Turning an AI prototype into a commercial product means adding the six things a prototype never has: a named buyer, a value metric, a price, an onboarding path to first value, proof that reduces risk, and a repeatable way to reach people. Hardening the code makes the product safe; this work makes it sellable. Both are needed, and most founders do only the first.
Here is the sequence I use, in the order that produces revenue fastest.
1. Name one buyer, not a market
"Small businesses" is not a buyer. "An operations manager at a 20–60 person field services company who currently schedules jobs in a spreadsheet" is a buyer. The narrower version tells you what to build, what to write on the homepage, where to find them, and what number they will accept.

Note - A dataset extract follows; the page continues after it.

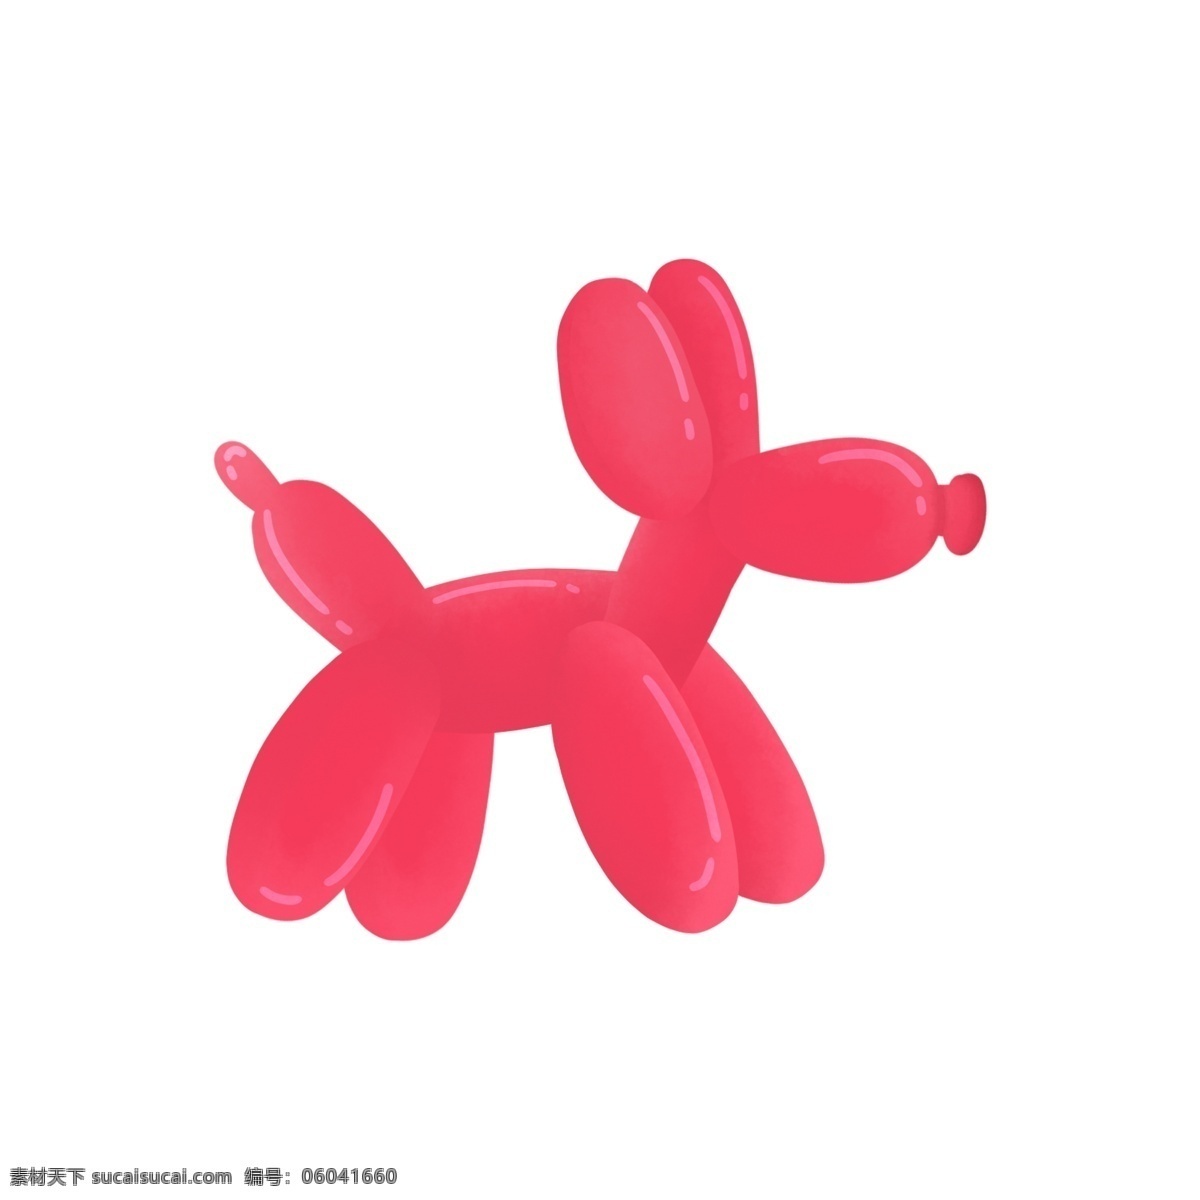 愚人 愚人节 卡通 狗 气球 海报 装饰 粉色气球 动物 长条气球 气球动物 气球小狗 愚人节装饰 海报装饰

The test: can you list twenty named organisations that match your description, and reach a human at ten of them this week? If not, the definition is still too broad to sell against.
2. Find the value metric
The value metric is the unit that grows as the customer gets more value: seats, jobs scheduled, documents processed, calls handled, revenue collected. Pricing that tracks the value metric feels fair and expands automatically. Pricing that ignores it — flat fees, arbitrary tiers — creates a ceiling and a fight at renewal.
For AI products, be careful: the value metric is what the customer values, not what costs you money. Tokens are your cost, not their value. Price against outcomes and manage cost separately with caps and model routing.

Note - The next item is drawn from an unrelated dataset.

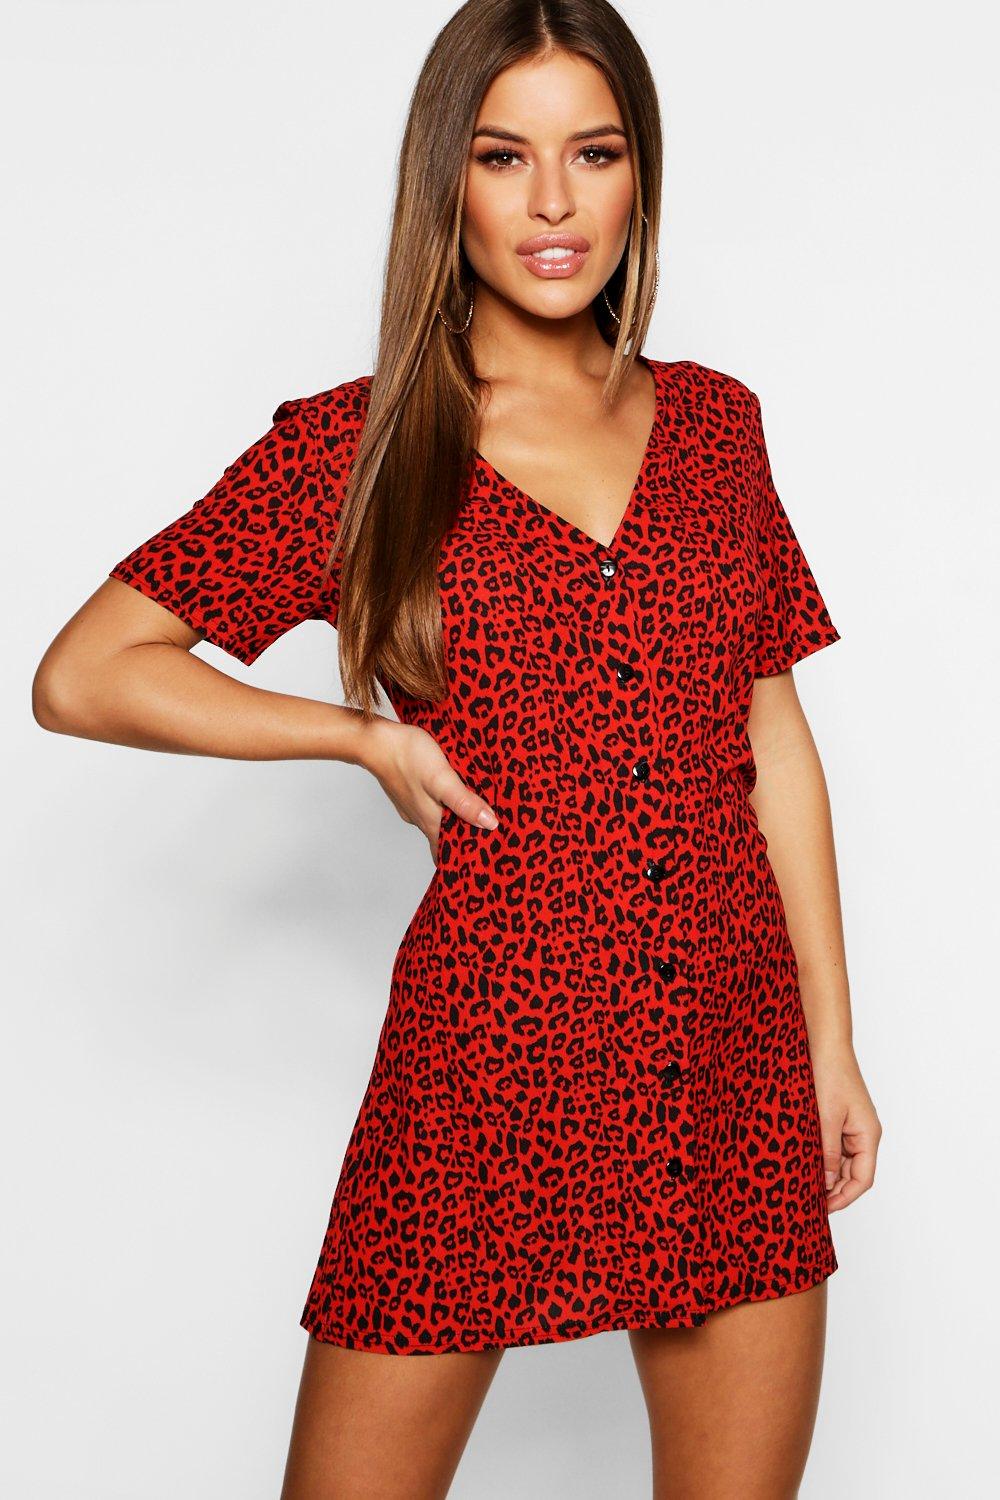 boohoo red leopard print dress

3. Price for a decision, not for perfection
Early pricing is a positioning statement, not a spreadsheet output. Pick a number the buyer can approve without a committee — for UK and US SMB software that usually means under £500 a month — and make the value story obvious against it.
Publish it. Hidden pricing costs early-stage companies more deals than a high number does, because it removes you from consideration before a conversation can happen. Three packages, one recommended, plain numbers.
4. Engineer the path to first value
Measure the number of minutes between signup and the moment the customer sees the thing they came for. Then cut it. Pre-fill data, offer a sample workspace, remove optional fields, defer settings, and delete every screen that sits between arrival and outcome.
For AI products specifically, the first output must be good. A weak first generation is fatal in a way that a slow load never is, because it defines the customer's model of what your product can do. Spend disproportionate effort on the quality of the first result.
5. Add proof that removes risk
A buyer's real question is not "is this good" but "what happens to me if this fails". Reduce that risk visibly: a named case study with a number in it, a security and data-handling page, a clear statement about AI providers and training, a money-back or short-term contract, and a real person's name and face behind the product.
Three specific proof assets outperform a page of adjectives: one quantified outcome, one recognisable logo or credible reference, and one artefact that shows how the work is done.
6. Get the first ten customers by hand
The first ten come from direct outreach, communities, partnerships and events — not from content or ads. Do it manually and personally, because the learning from those conversations is worth more than the revenue.
Track two things per conversation: the words they use to describe the problem, and the specific objection that stops them. After ten conversations, both will have converged, and the homepage rewrite that follows usually doubles conversion on its own.
The order matters
Founders typically do this backwards: build more features, then price, then look for a buyer. The result is a product with broad capability and no obvious reason for any specific person to buy it today.
Buyer first, value metric second, price third, onboarding fourth, proof fifth, outreach sixth. Each step constrains the next and prevents the most expensive mistake in early-stage product work — building things nobody has asked to pay for.
What this looked like in practice
At Wocal the product did not start earning until we picked one venue type, priced against bookings rather than seats, and cut the setup flow from eleven steps to three. None of that was engineering. All of it was commercial product work, and it is what took us to a £2.7M pre-money valuation with 300+ venues live.
Read why most AI products never generate revenue for the failure modes, and what an AI product commercialisation lead actually does for who owns this work.
Frequently asked questions
- How do I turn an AI prototype into a commercial product?
- Define one specific buyer, choose a value metric, set and publish a price they can approve alone, shorten the path from signup to first value, add proof that reduces perceived risk, and win the first ten customers through direct outreach.
- How should I price an AI product?
- Price against the outcome the customer values, not against your token costs. Pick a value metric that grows with their usage, publish plain numbers, and manage model spend separately with caps and routing.
- Why does my AI product get signups but no revenue?
- Usually because the path to first value is too long or the first output is not good enough. Both problems are fixed by engineering the first five minutes, not by adding features.
- How many customers do I need before scaling marketing?
- Ten paying customers won by hand, with a converged description of the problem and a consistent reason for buying. Scale acquisition only once the message and the onboarding are proven manually.